Philip Jenkins on the NT and Slavery Language Part One

Philip Jenkins on the NT and Slavery Language Part One March 4, 2018

bwtorah

In this and the next two posts, I am retreading some excellent discussion of slavery language in the NT by Philip Jenkins of Baylor. For my own thoughts on this see my commentary on Colossians, Ephesians, and Philemon (Eerdmans). BW3

Slavery, Euphemism, and the New Testament
Translation is a difficult and devious process. You can render the individual words used perfectly and precisely, but still fall short of conveying the underlying concepts, without using lengthy footnotes. Here, I will look at a specific issue in reading and interpreting the New Testament, namely the question of slavery and freedom.

A World of Slaves
In the Greek-speaking world of the first century AD, there was a critical difference between free (eleutheros) and slave (doulos). Each represented a very familiar legal status, with all the social and cultural baggage that implied. That distinction is rather hard to follow in English translations precisely because outright legal slavery does not exist in Western society, and the concept is absent from our language, except in the loosest metaphorical sense. In saying this, I am aware of the practices imposed especially on some foreign or immigrant groups, of sexual slavery and trafficking, or debt slavery. But by definition, these are not “normal” or mainstream, and they are assuredly not legal or approved.

Doulos in the ancient world did not imply a servant in the sense of an employed lower class person a la Downton Abbey. It meant a slave in whom one had property rights. That did not necessarily mean a brutally exploited farmhand on a large-scale plantation, the sense that comes to the mind of modern Americans, nor was the slave condition always permanent. There were many gradations of dignity, legal rights, and life chances, and some slaves could rise and prosper. The Old Testament placed tight legal restrictions on the practice of slavery, but it is much debated how far those still applied in the Hellenistic and Herodian eras, when Jewish practice broadly assimilated to Greek and East Mediterranean norms.

In any case, we are looking at slavery (douleia) in the sense of ownership by others. Although the exact etymology of each word is debated, doulos probably derived from a word meaning to bind, and eleutheros came from a verb meaning to come or go. What made you free was that you could decide to up and go as you wished, which slaves couldn’t, because they were bound.

Servant is therefore, strictly speaking, a mistranslation, and bondsman or bondservant are just archaic words for slave. For excellent reasons, the practice of slavery has fallen into terrible disrepute, and that is why we use euphemisms to conceal its omnipresence in the Bible. But that abhorrence does lead us into some conundrums of translation.

Conversely, the absence of slavery means that we use the word “free” much more loosely than in other societies in which it represented the antithesis of another well known condition. We always need to ask, “Free from what?”

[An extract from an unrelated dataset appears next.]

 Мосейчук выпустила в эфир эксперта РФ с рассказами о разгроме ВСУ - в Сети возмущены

I am reluctant to say that the slave-free distinction is absolute, and you can’t be partly a slave any more than you can be a bit pregnant. In various societies through history, there have certainly been unfree peoples who were not outright slaves, such as serfs in medieval England. In the ancient world, though, the distinction was more clear-cut. Doulos could have figurative meanings, but those depend on knowing the standard and original slave context. Slaves were slaves.
Slaves in the New Testament

What makes this such a thorny problem is that in its various forms, doulos is a common word in the New Testament, most prominently in Matthew, Luke, and Revelation. Strong’s Concordance gives 126 instances through the whole Testament, including every occurrence that English commonly renders as “servant,” as in “Well done, thou good and faithful doulos.” The Book of Revelation was revealed to God’s doulos, John. Jude, author of the Epistle, was a doulos of Jesus Christ. In the Magnificat, Mary praised God for his mercy towards her, his doula.

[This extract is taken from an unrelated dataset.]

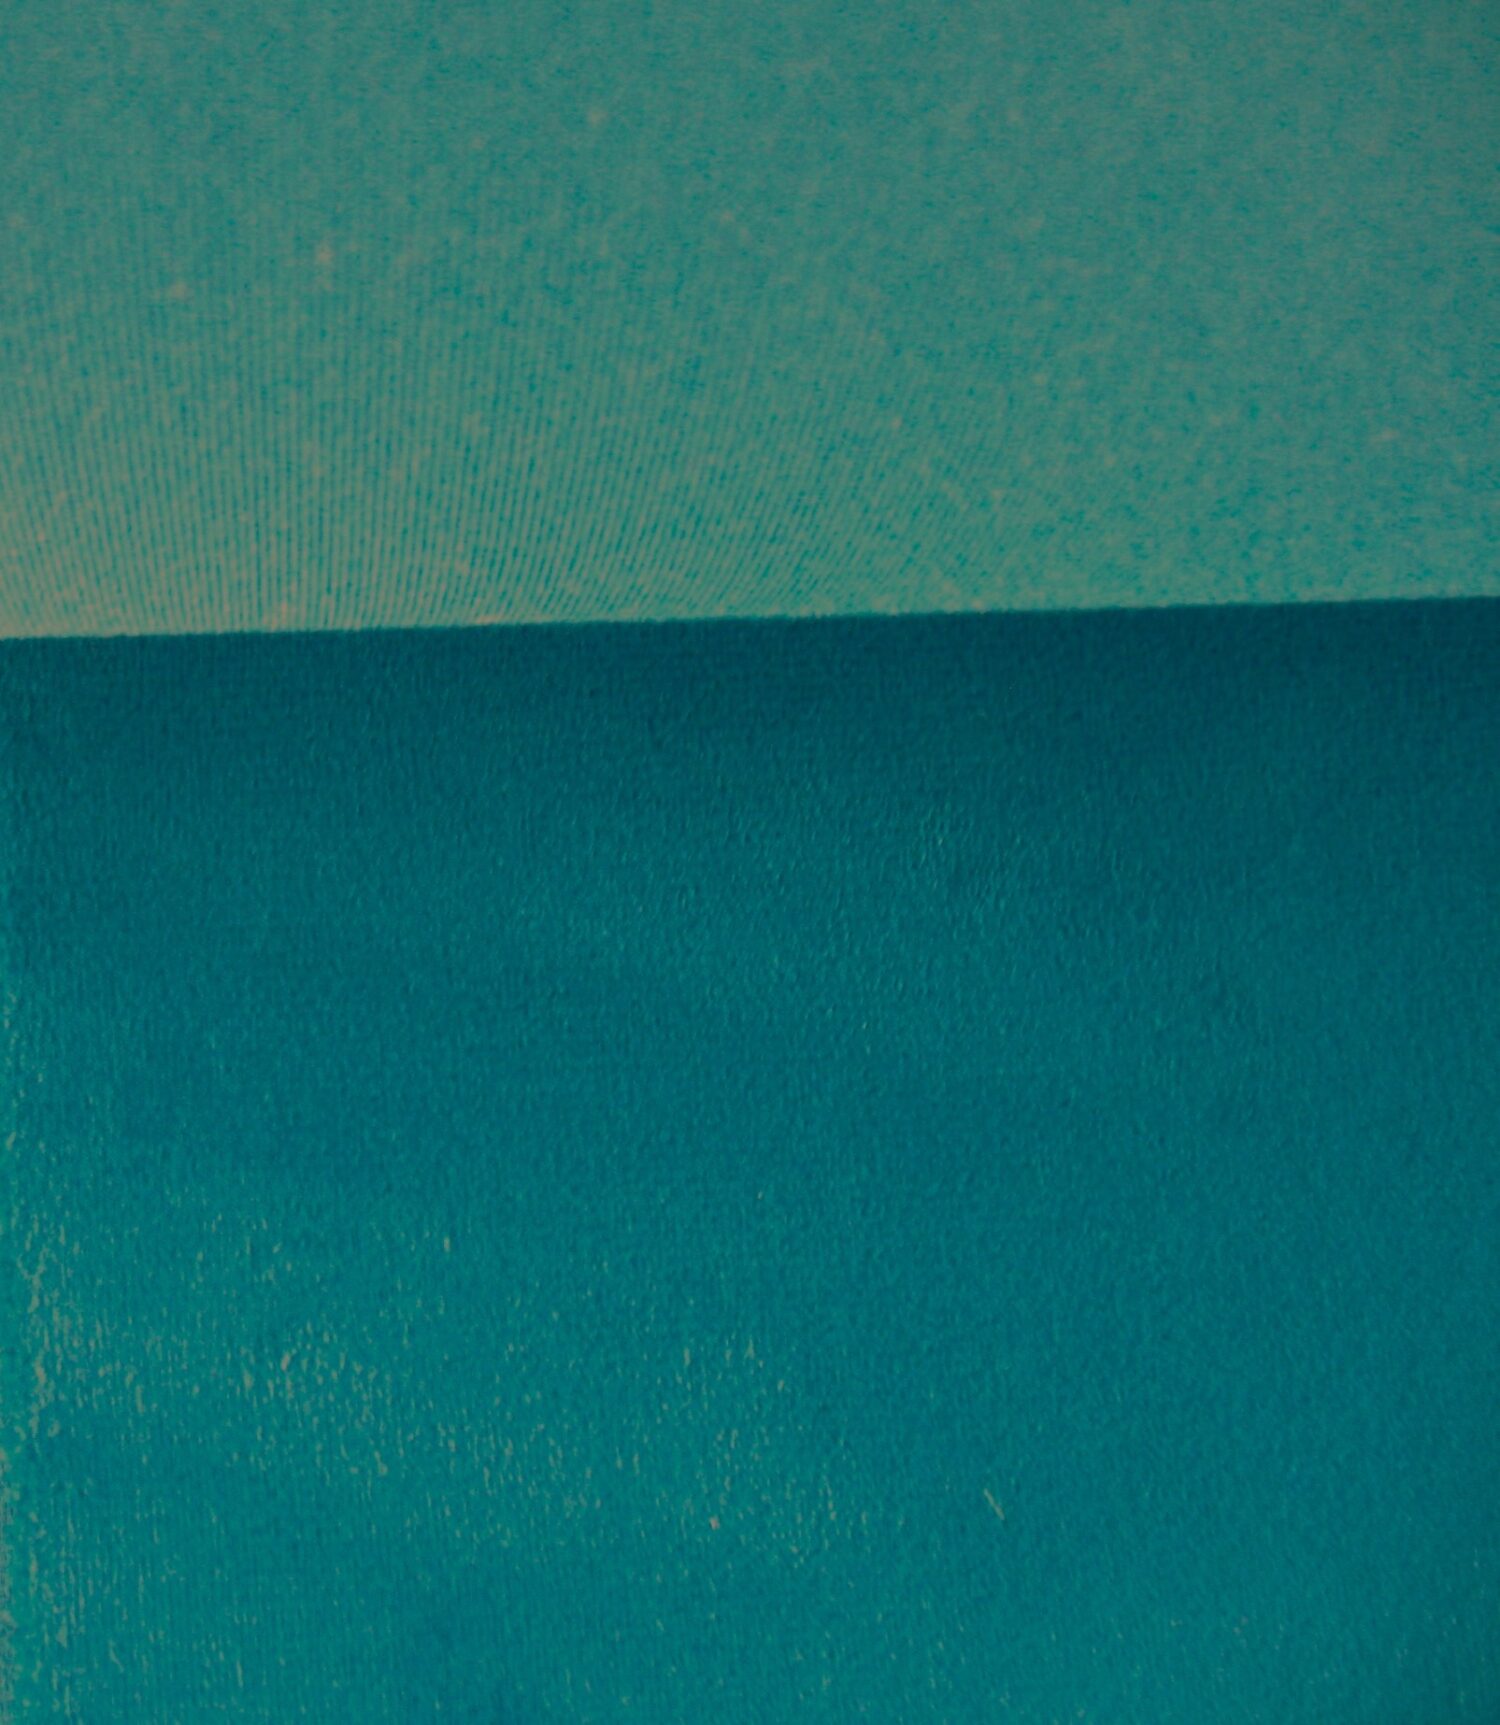 Vescom Ponza velours 702723 blauw turquoise

Paul was a free man and a Roman citizen, who nevertheless introduced himself as a doulos of Jesus Christ, or of God. You wouldn’t guess that from the translations of Romans 1.1 in the KJV, RSV or NIV, all of which use “a servant of Jesus Christ.” In his 1545 Bible translation, Martin Luther translated doulos as Knecht, which generally means servant, not necessarily with humble overtones (It is related to the English “knight”).

In Philippians 2, we hear the mind-boggling statement that although Christ was in the form of God, he humbled himself to take the form of a doulos, a form of self-emptying so extreme that “servant” does not begin to capture it. Yet standard English translations rarely use “slave” in this context,


Browse Our Archives

Follow Us!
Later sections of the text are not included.